While tradition calls for unison chanting, the reformed Russian Church has no ban on the harmonization of the traditional chant. However, Znamenny Chant does not generally have a melodic structure that easily lends itself to harmonization, and most attempts at forming a harmonized adaptation of the Znamenny Chant have proven unsatisfactory and difficult to apply. (There has been a popular trend in some modern communities to introduce the ison of Byzantine Chant, but there is absolutely no historical authenticity for such an innovation, and the resulting sound is quite artificial.) |
GROUP 3: Non-Znamenny Chant Systems
Note: Abbreviated Kievan, Bulgarian and Greek melodies are included as a sub-set of the full versions of these melodies. |
GROUP 3: Non-Znamenny Chant Systems is a category of several different melodic repertoires, all of which are almost complete repertoires by themselves.
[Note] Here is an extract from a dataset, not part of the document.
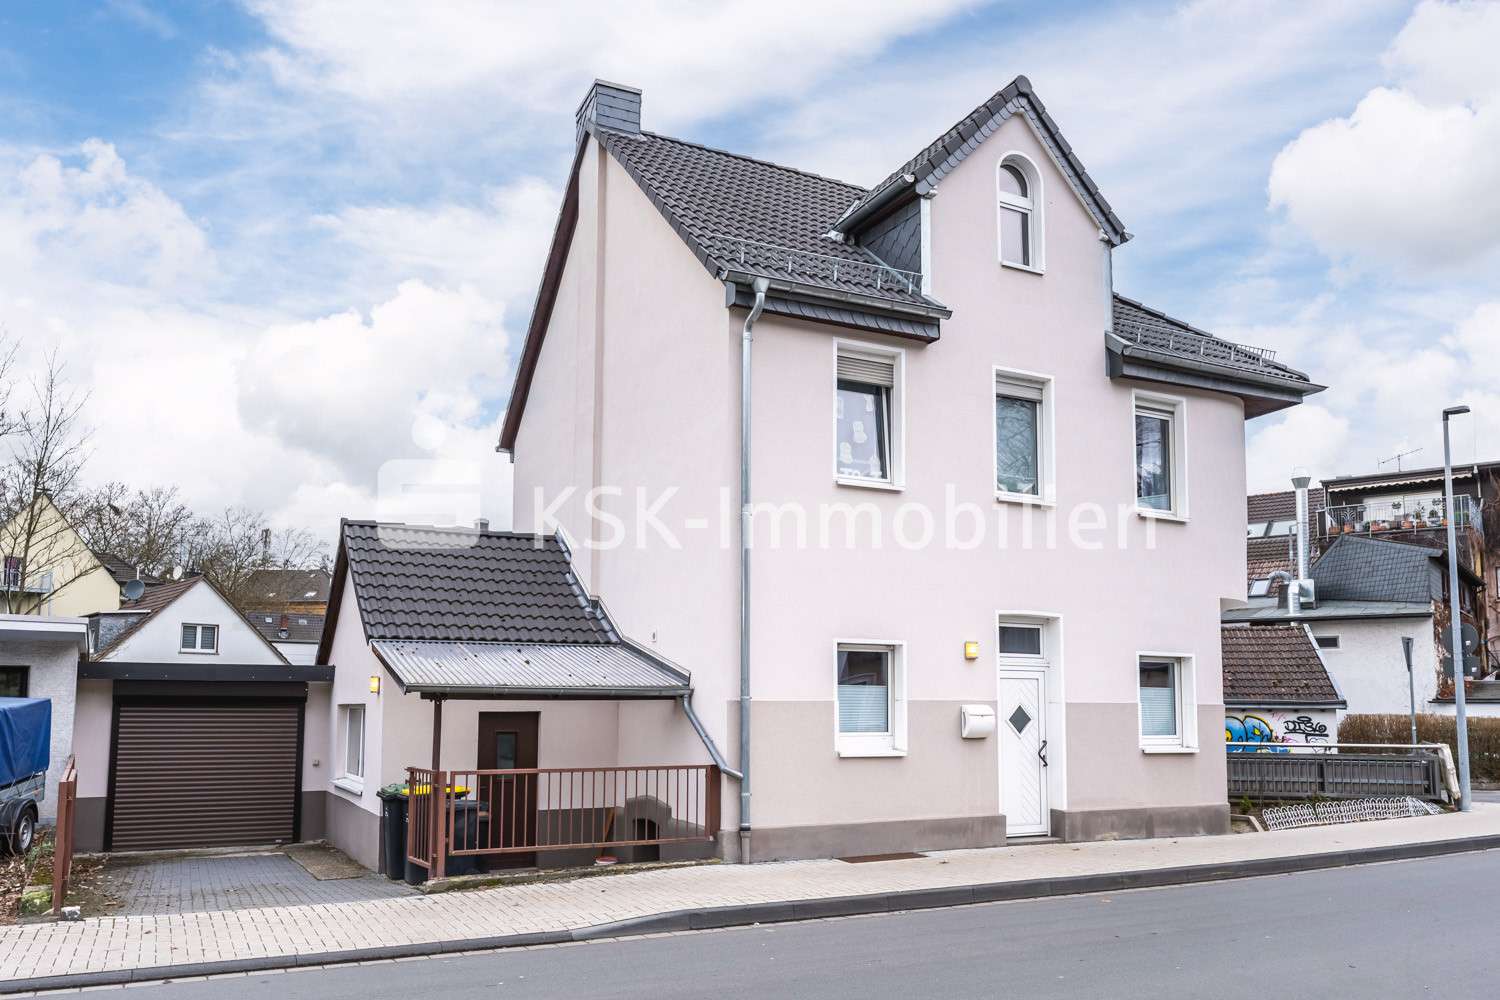 114985 Außenansicht - Einfamilienhaus in 53783 Eitorf mit 115m² günstig kaufen
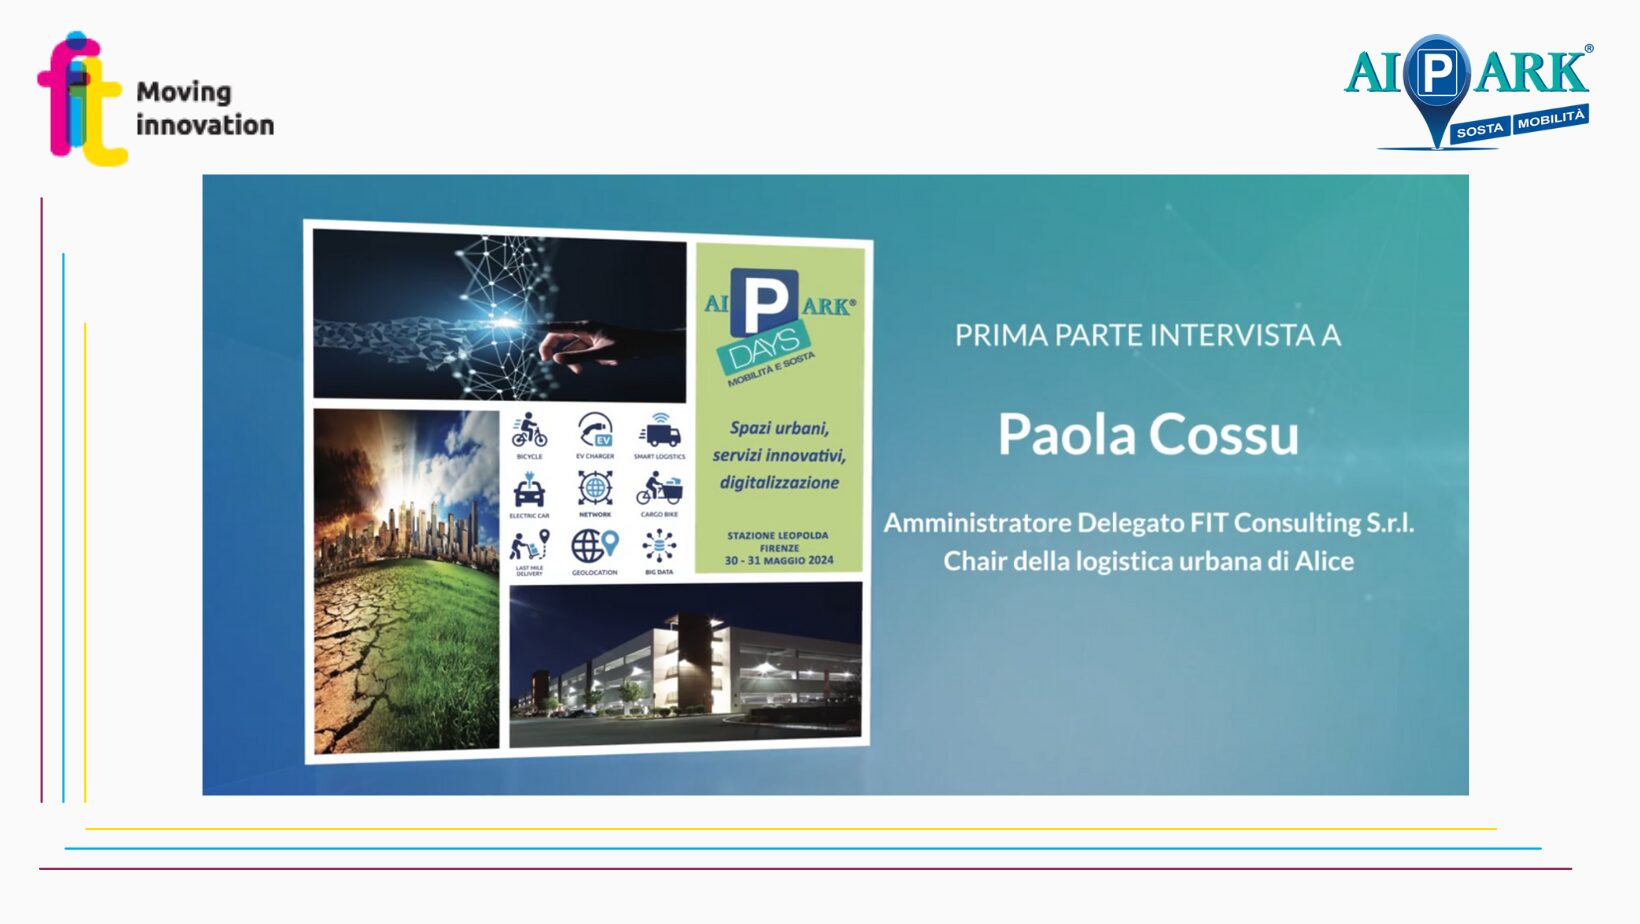 “Ecco come gestire gli spazi urbani per la logistica in maniera efficiente e sostenibile”: intervista a Paola Cossu, CEO FIT, in vista della sua partecipazione ai Pdays 2024

Each of these repertoires are completely separate and independent of each other, but share many similarities in their overall structure and performance style. This group includes the Kievan Chant, which is a somewhat distant (but still traceable) regional derivative of Znamenny Chant, the "Russian" Bulgarian Chant (of much-debated origin), and the "Russian" Greek Chant (which is a late 17th century adaptation and simplification of Byzantine Chant melodies). [Note: Abbreviated Znamenny, Kievan, Greek and Bulgarian melodies (etc.) are included as a sub-set of the full versions of these melodies.]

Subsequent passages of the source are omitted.